“Sorry. I got carried away in the moment. Glad to see you’re still alive,” she said. “The whole Fire Court has heard about the Storm King’s feedings. There are wagers you won’t last the week before he drains you dry or fucks your weak body into a pile of broken bones.”
“Charming,” I said, guessing Arrow hoped the entire Sun Realm believed that and would, therefore, leave me alone for one of two possible reasons.
Option one: he had told the truth and was in Taln to help me.
Or two: he wanted the Fire Court to know he was the only fae allowed to toy with me.
The lost girl I had buried deep inside me preferred the first option. She hoped there was a sane explanation for why he’d sold me to Azarn and Bakhur. But the girl I’d become since—the one who killed her own brother after foolishly giving her heart to her fae owner, well… I just couldn’t let myself trust him.
Not yet, anyway.
If it turned out that Azarn was the reason I was trapped in the Fire Kingdom, then Arrow would still need to do a whole lot of groveling to be forgiven for leaving me alone in Mydorian for so long. And, also, for being such a shitty letter writer.
I rubbed the Aldara mark on my neck. It seemed suspiciously convenient for Arrow that the bond that allowed us to converse in our minds only renewed while he drank my blood. He knew the act made me lose my mind and burn for him, which made me all the easier to manipulate.
Self-disgust filled me. How could I fall so effortlessly under his spell again?
I stumbled over a rock and grabbed Esen’s arm to regain balance.
“It strikes me as odd that you claim to be glad I’m alive when you’ve tried to murder me at least once… that I know about. I thought you hated me and only cared about how fast you could gain the approval of whichever king you happened to be colluding with at the time.”
“Perhaps I’ve seen the error of my ways.” She jumped off a slab of rock onto the path below that zigzagged down the side of the cliff, then held her hand out and helped me leap down to join her.
Stopping for a moment, I checked if I could feel tendrils of Melaya’s magic slithering over my skin. Finding nothing that indicated he might be listening in, I continued. “I’m searching for the fire cave hidden in these cliffs,” I said, pondering if it was stupid to trust her with my mission. But if she ratted me out to Azarn, I’d just blame my curious nature. “Ruhh showed me the dust-damned thing the other night, but now it’s disappeared. I can hear its fire sizzling in the rain, so it must be close by, but the paths I’ve tried so far just lead me in circles. Can you help me find it?”
She shot me a narrowed glance, then helped me navigate around a salt bush blocking the path, showing me how to cling to its trunk and swing out over the tumultuous sea far below. I followed her method while trying to erase the image of my body smashed to gory pieces on the rocks.
When we were safely on the path again, she asked, “Why do you wish to visit the cave so badly? There’s a reason why it’s off limits to the likes of you.”
“I’m curious. I only want a quick look inside.”
She laughed. “You might regret your curiosity. It’s dangerous in there, and once you’ve seen something horrible, it can’t be unseen and will haunt you every time you close your eyes.”
I shook my head. Fae were so dramatic. “Sounds like you’re speaking from experience, Esen.”
A salty wind whipped my hair over my eyes for the hundredth time today, the rain still pouring and slowing our progress as we wound down the side of the cliff.
About a third of the way down, Esen put her palm out to stop me. “Okay. We’re here.”
Heart hammering, I scanned the black cliffs and a clutch of emerald-green birds roosting in a craggy nook. “I don’t see anything.”

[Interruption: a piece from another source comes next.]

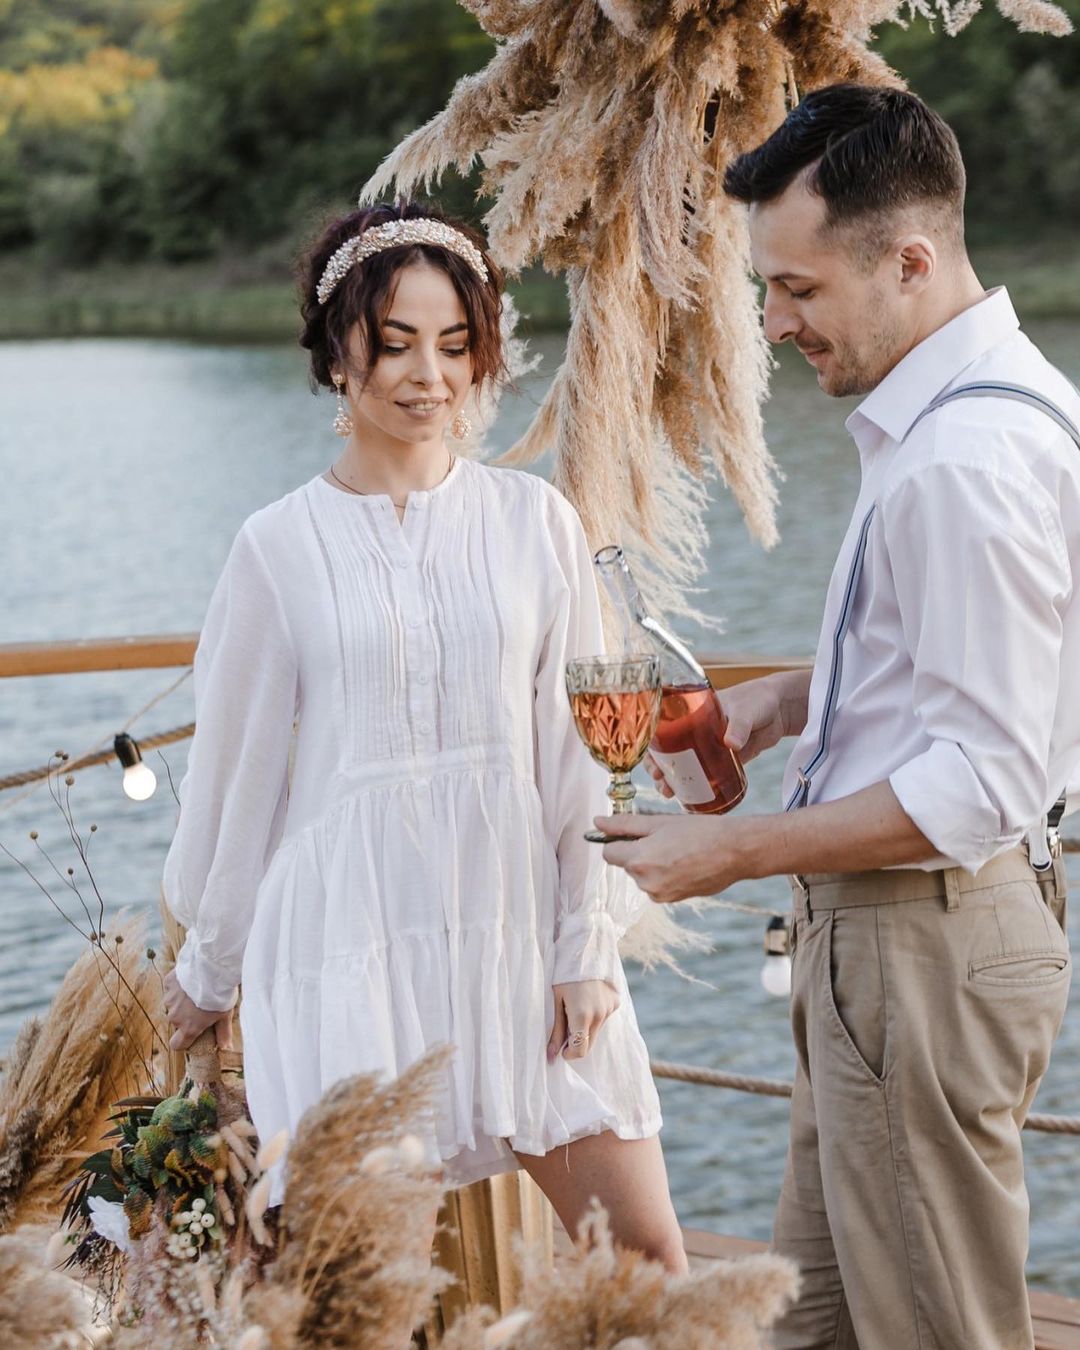 Special wedding moments on the picturesque wharf of Poiana Winery - Moldovan Wine-Country Retreats
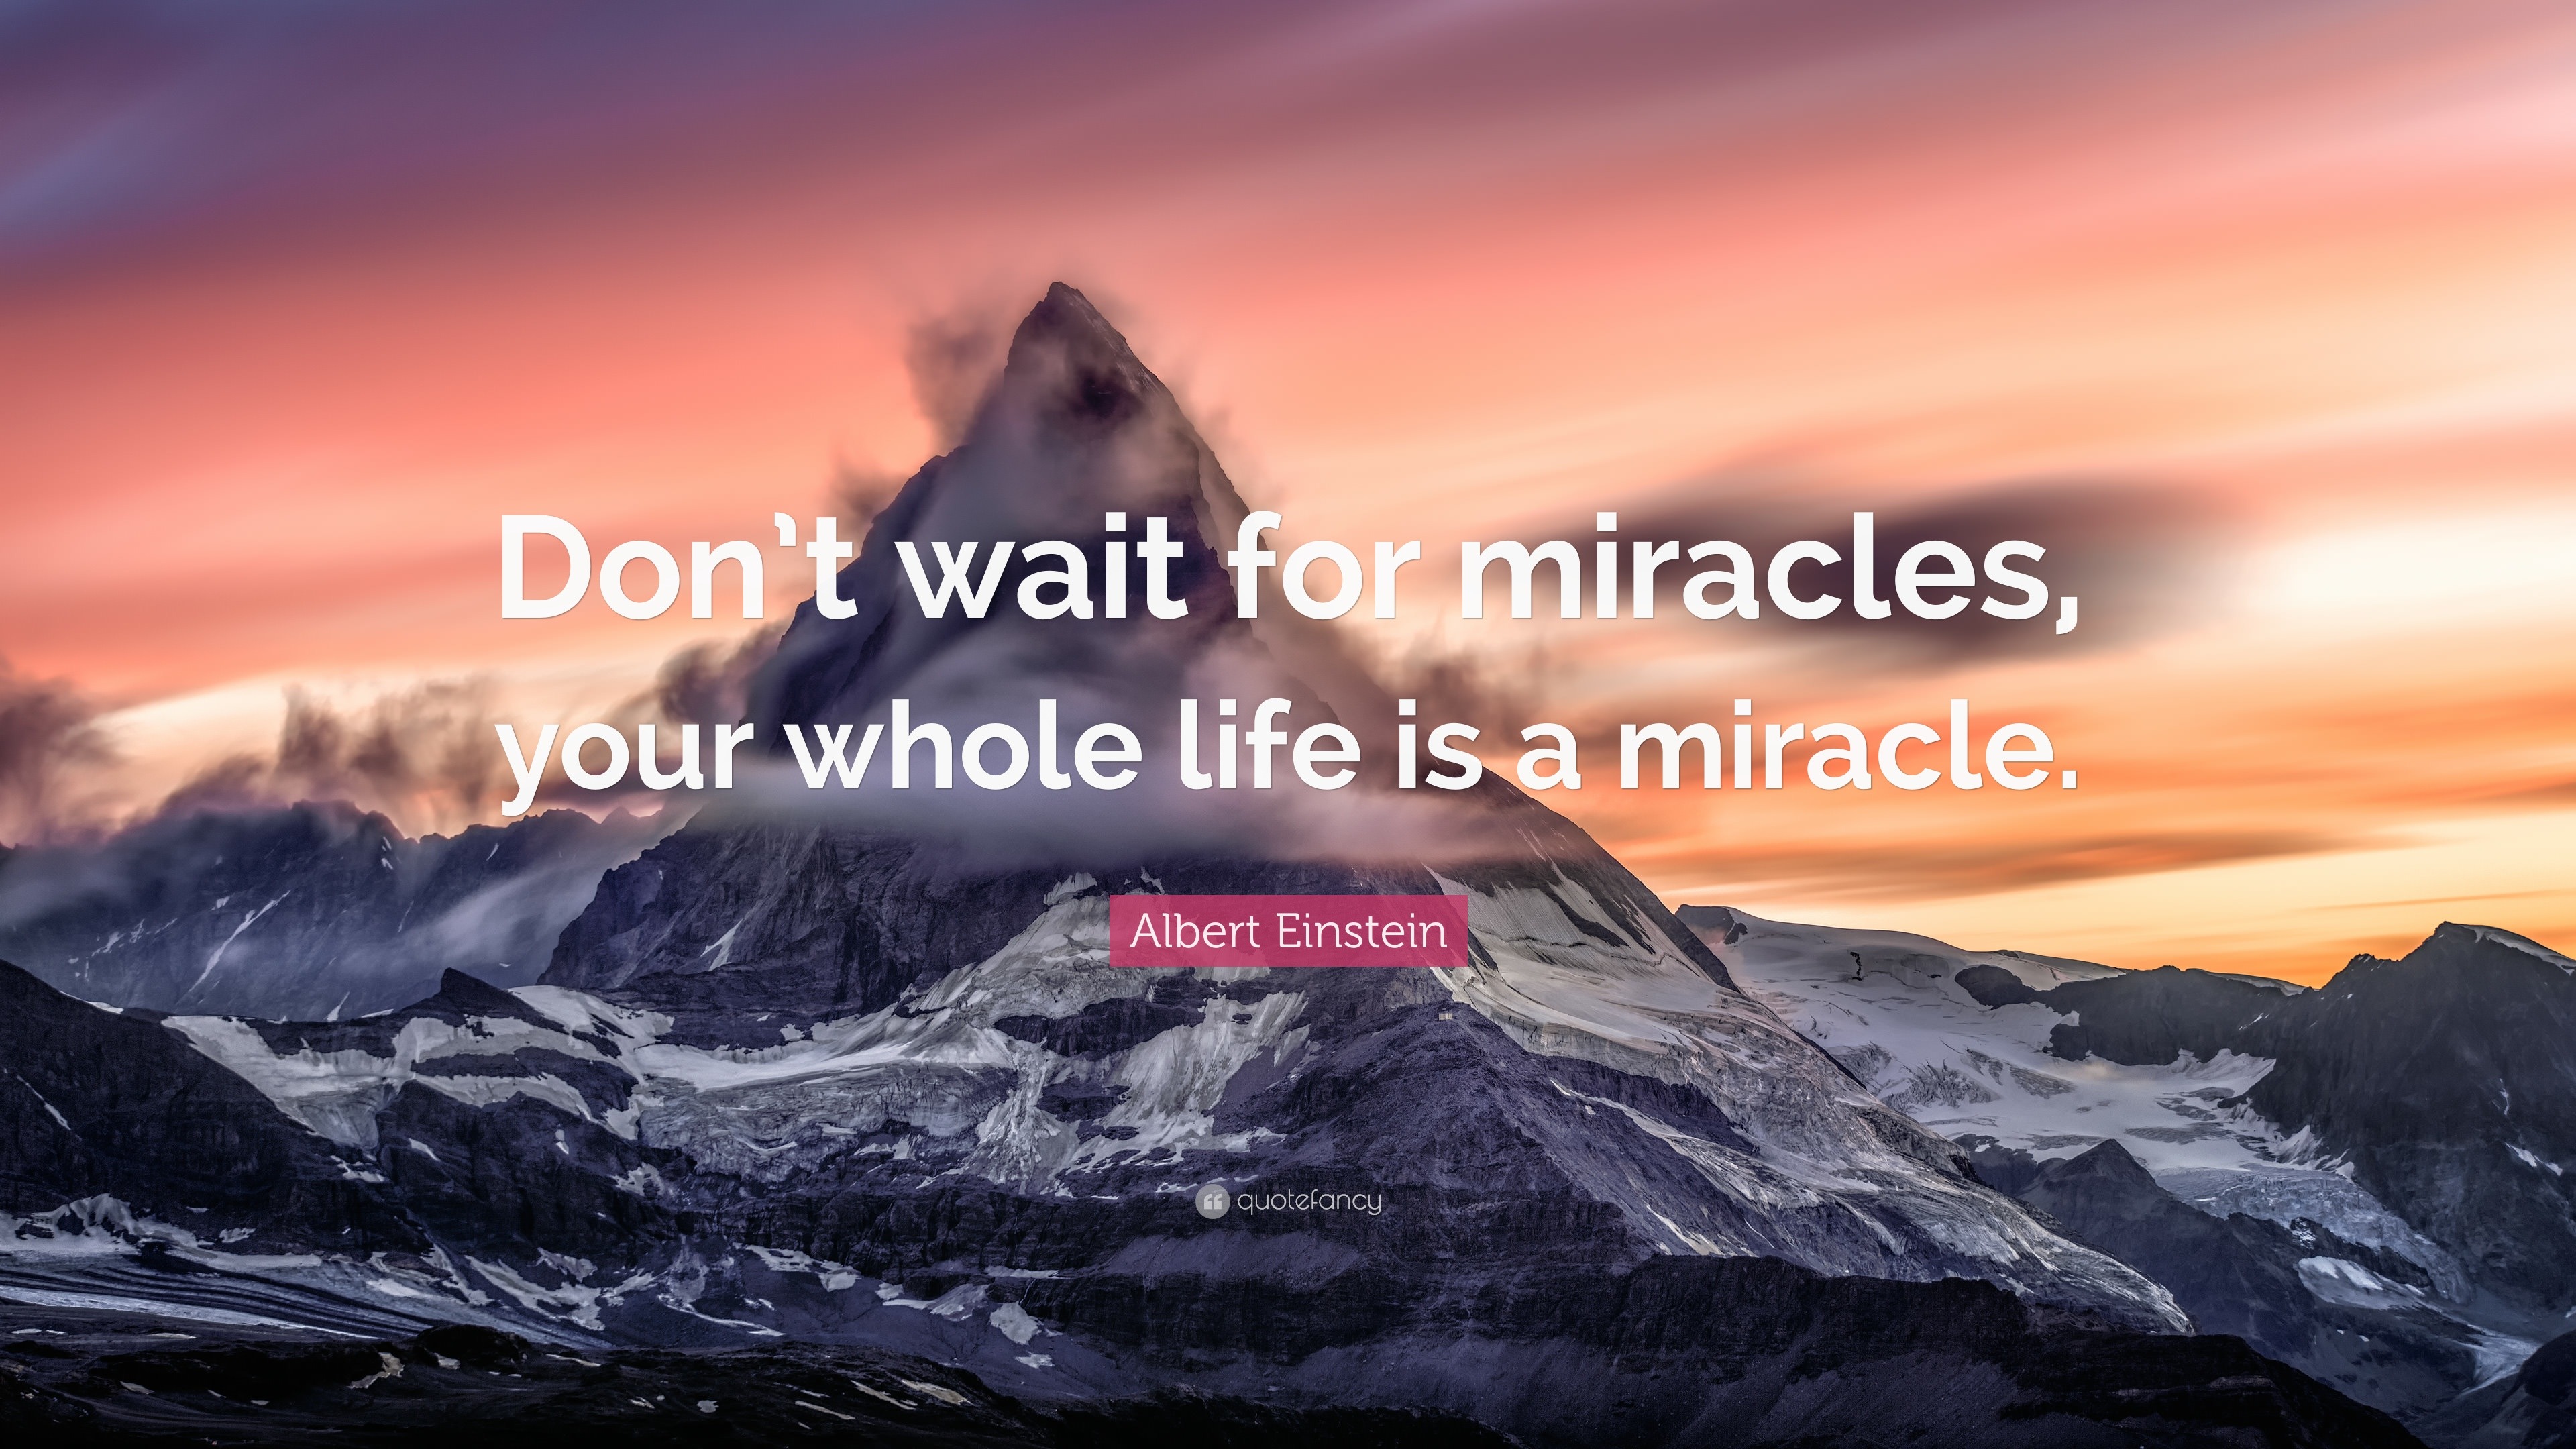 Albert Einstein Quote Don T Wait For Miracles Your Whole Life Is A Miracle 12 Wallpapers Quotefancy

Esen smirked. “Watch closely.” She muttered a spell, and a golden phoenix-shaped sigil appeared in midair. When it dissipated and the smoky haze cleared, the mouth of a large cave was revealed, its interior shielded by a wall of fire.
“Why was I able to see it glowing from the cliff top the other night?”
“Because you were with Ruhh, and she wanted you to see it, which tells me that she’s up to something. Don’t be drawn into the ghost girl’s plots. She’s trouble.”
“I’m always careful around her.” I hiked an eyebrow toward the cave. “Lead the way.”
“You don’t look too worried,” Esen said.
“Perhaps if you told me what’s in there, then I might be.”
She laughed, tucking wet hair behind her pointed ear. “After you,” she said as she swept her hand out in a graceful arc, as if guiding me into a lavish ball.
Taking a long breath, I walked through the wall of fire. Although the sound of the flames crackled ferociously at my ears, they felt like a silken veil brushing my limbs as I entered the cave.
For a moment, I stood blinking in total darkness. Then Esen waved a hand, her magic igniting torches that cast orange light throughout a small cave, its walls charred from fires that looked like they’d burned for centuries so thick was the scarring.